Experimental realization of fast ion separation in segmented Paul traps

TL;DR

This paper demonstrates a method for rapidly separating two ions in a segmented Paul trap with minimal motional excitation, using spectroscopic calibration and optimized control parameters, applicable to various trap geometries.

Contribution

The authors experimentally realize fast ion separation in segmented Paul traps with a novel calibration routine and control optimization, achieving low motional excitation within 80 microseconds.

Findings

Achieved minimum mean excitation of 4.16 vibrational quanta per ion at 80 μs separation

Controlled ion separation using three parameters: static tilt, voltage offset, and duration

Method is adaptable to different trap geometries without specific design requirements

Abstract

We experimentally demonstrate fast separation of a two-ion crystal in a microstructured segmented Paul trap. By the use of spectroscopic calibration routines for the electrostatic trap potentials, we achieve the required precise control of the ion trajectories near the \textit{critical point}, where the harmonic confinement by the external potential vanishes. The separation procedure can be controlled by three parameters: A static potential tilt, a voltage offset at the critical point, and the total duration of the process.
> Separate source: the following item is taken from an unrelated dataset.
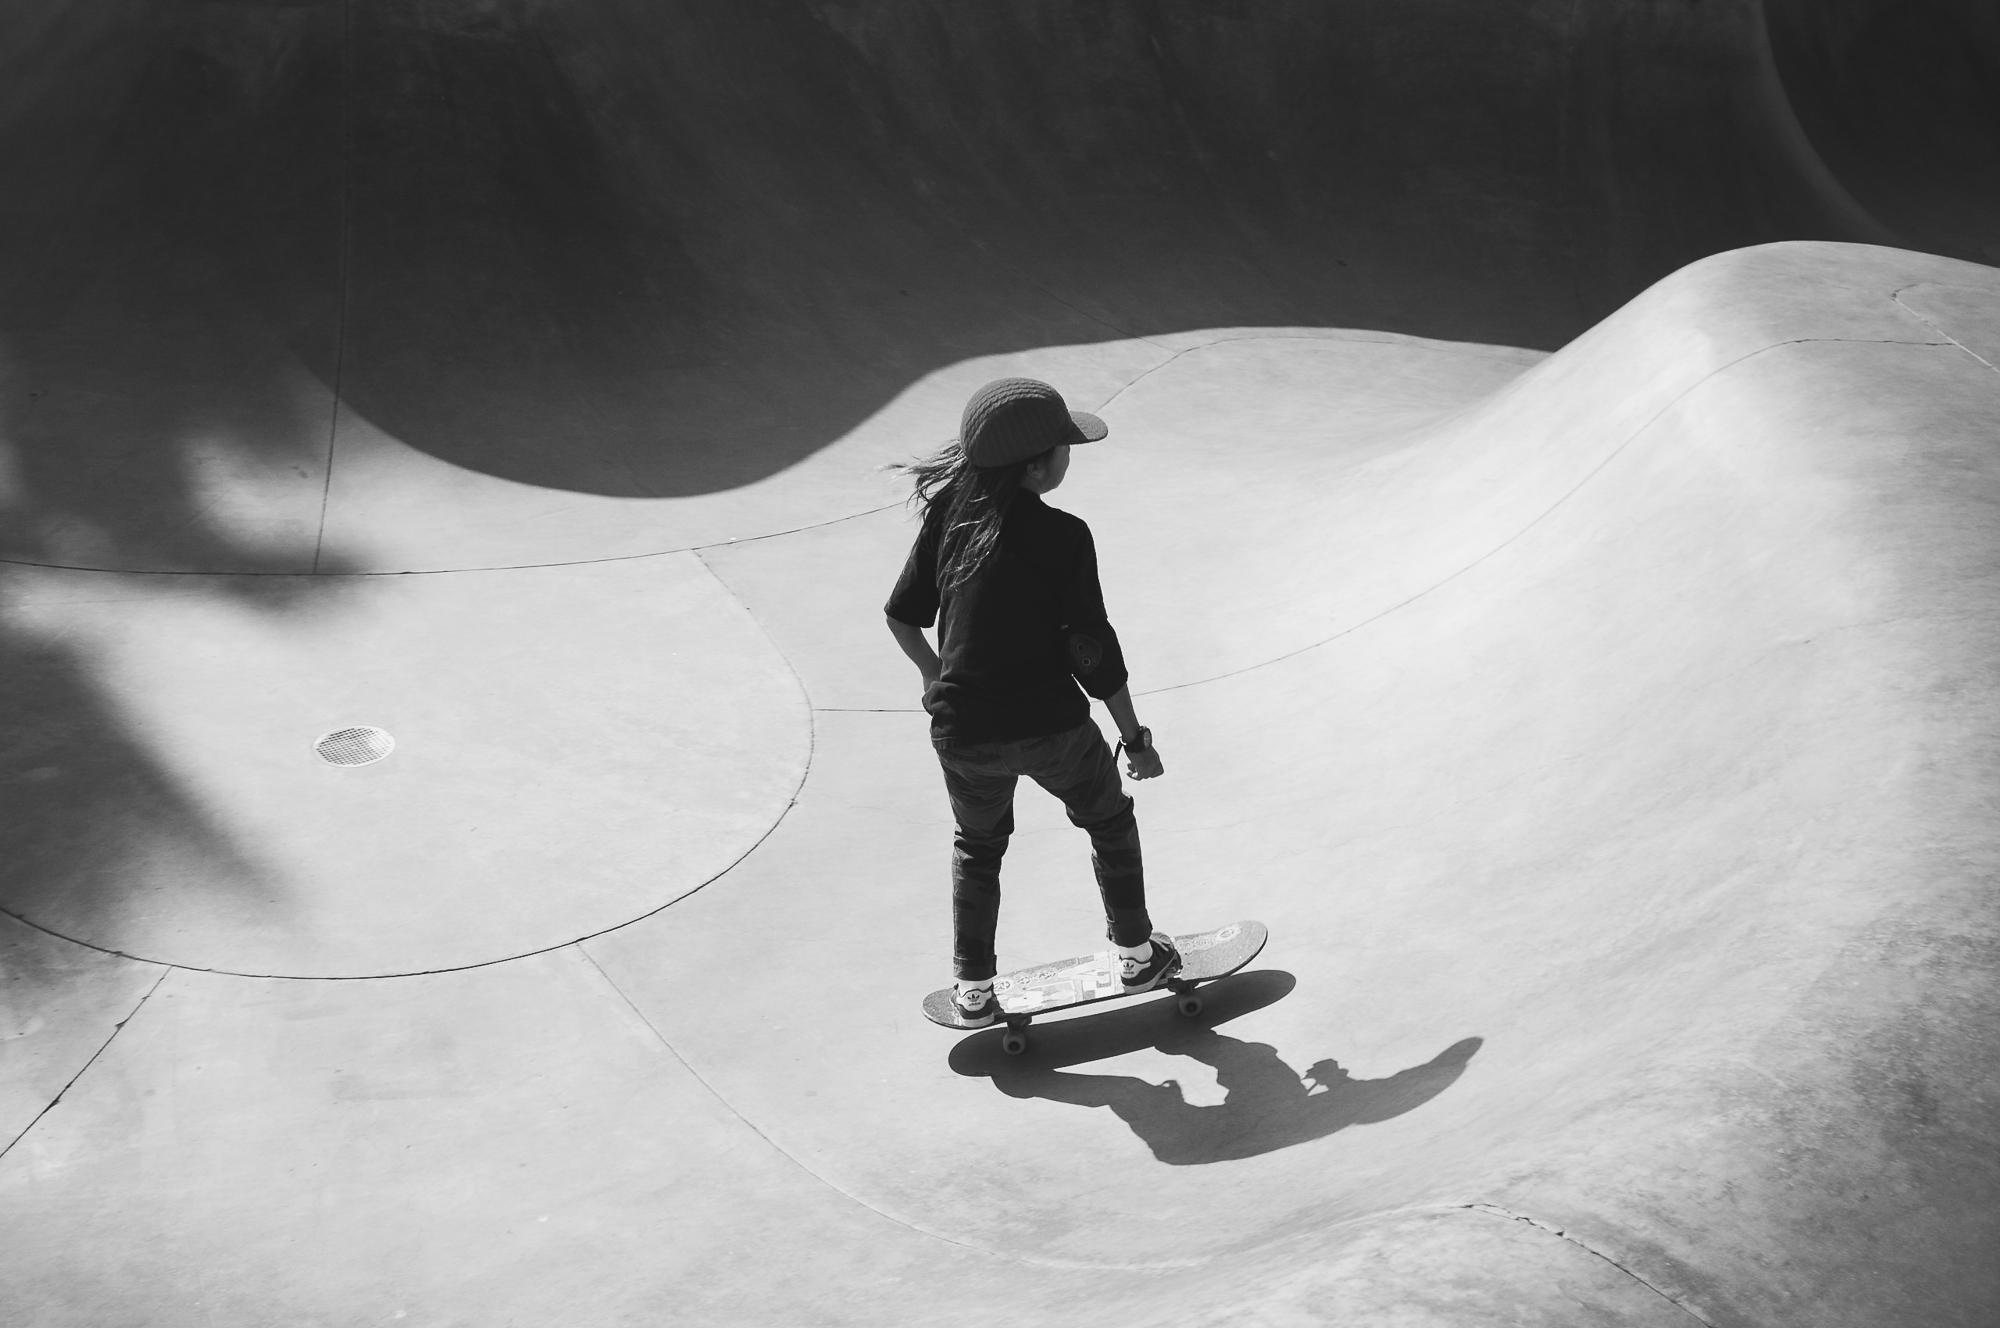 Skateboarder - Venice Beach Skatepark shot on Fuji x-100
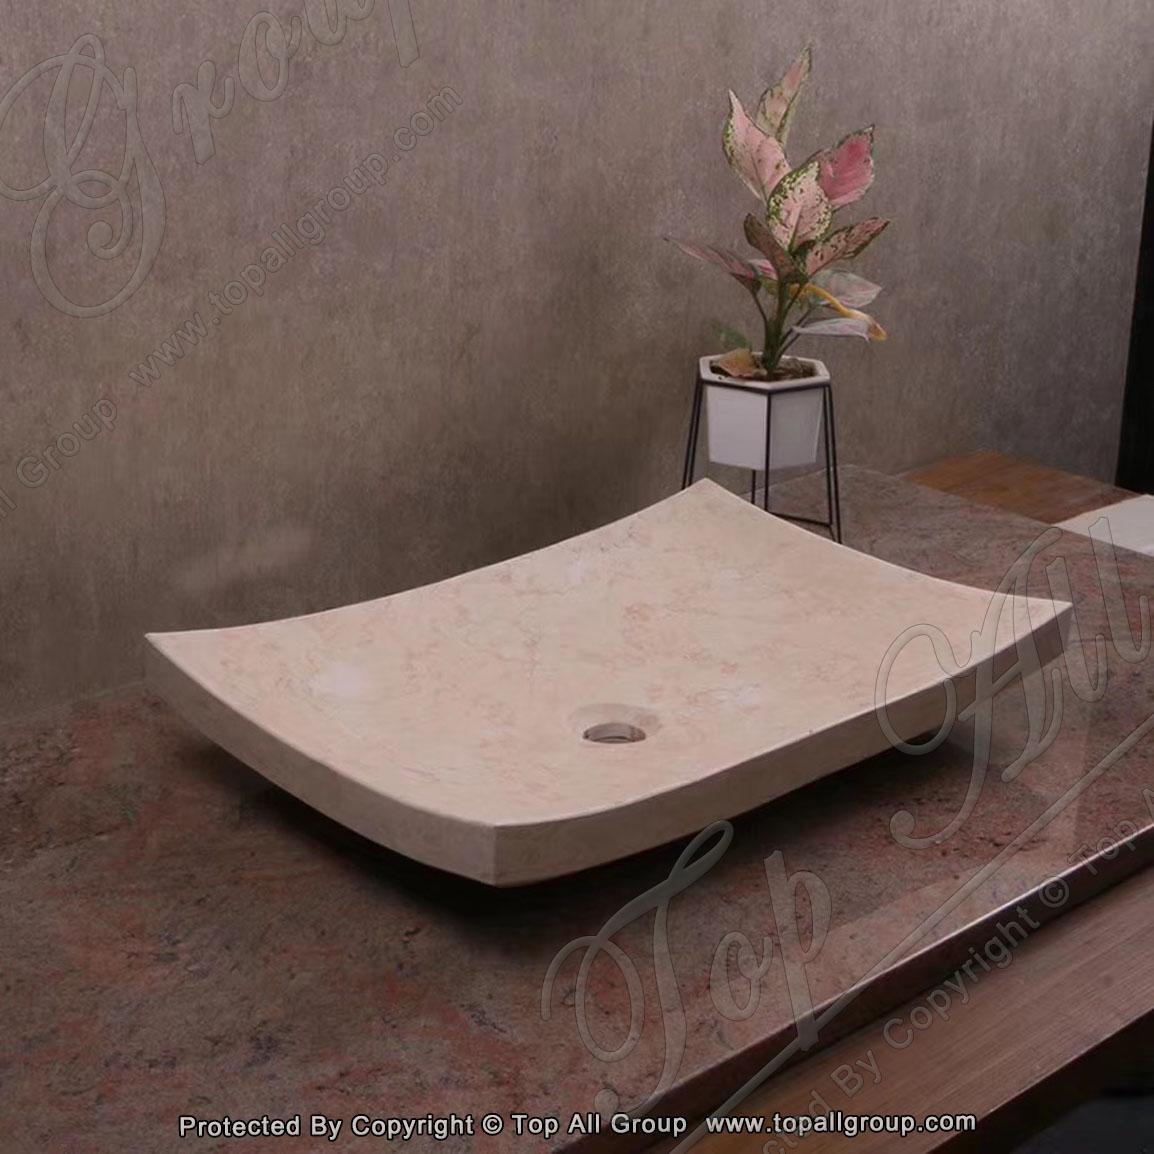 Natural Stone Pedestal Marble Sink for Bathroom

We show how to optimize the control parameters by measurements of ion distances, trap frequencies and the final motional excitation. At a separation duration of $80 \mu$s, we achieve a minimum mean excitation of $\bar{n} = 4.16(0.16)$ vibrational quanta per ion, which is consistent with the adiabatic limit given by our particular trap. We show that for fast separation times, oscillatory motion is excited, while a predominantly thermal state is obtained for long times. The presented technique does not rely on specific trap geometry parameters and can therefore be adopted for different segmented traps.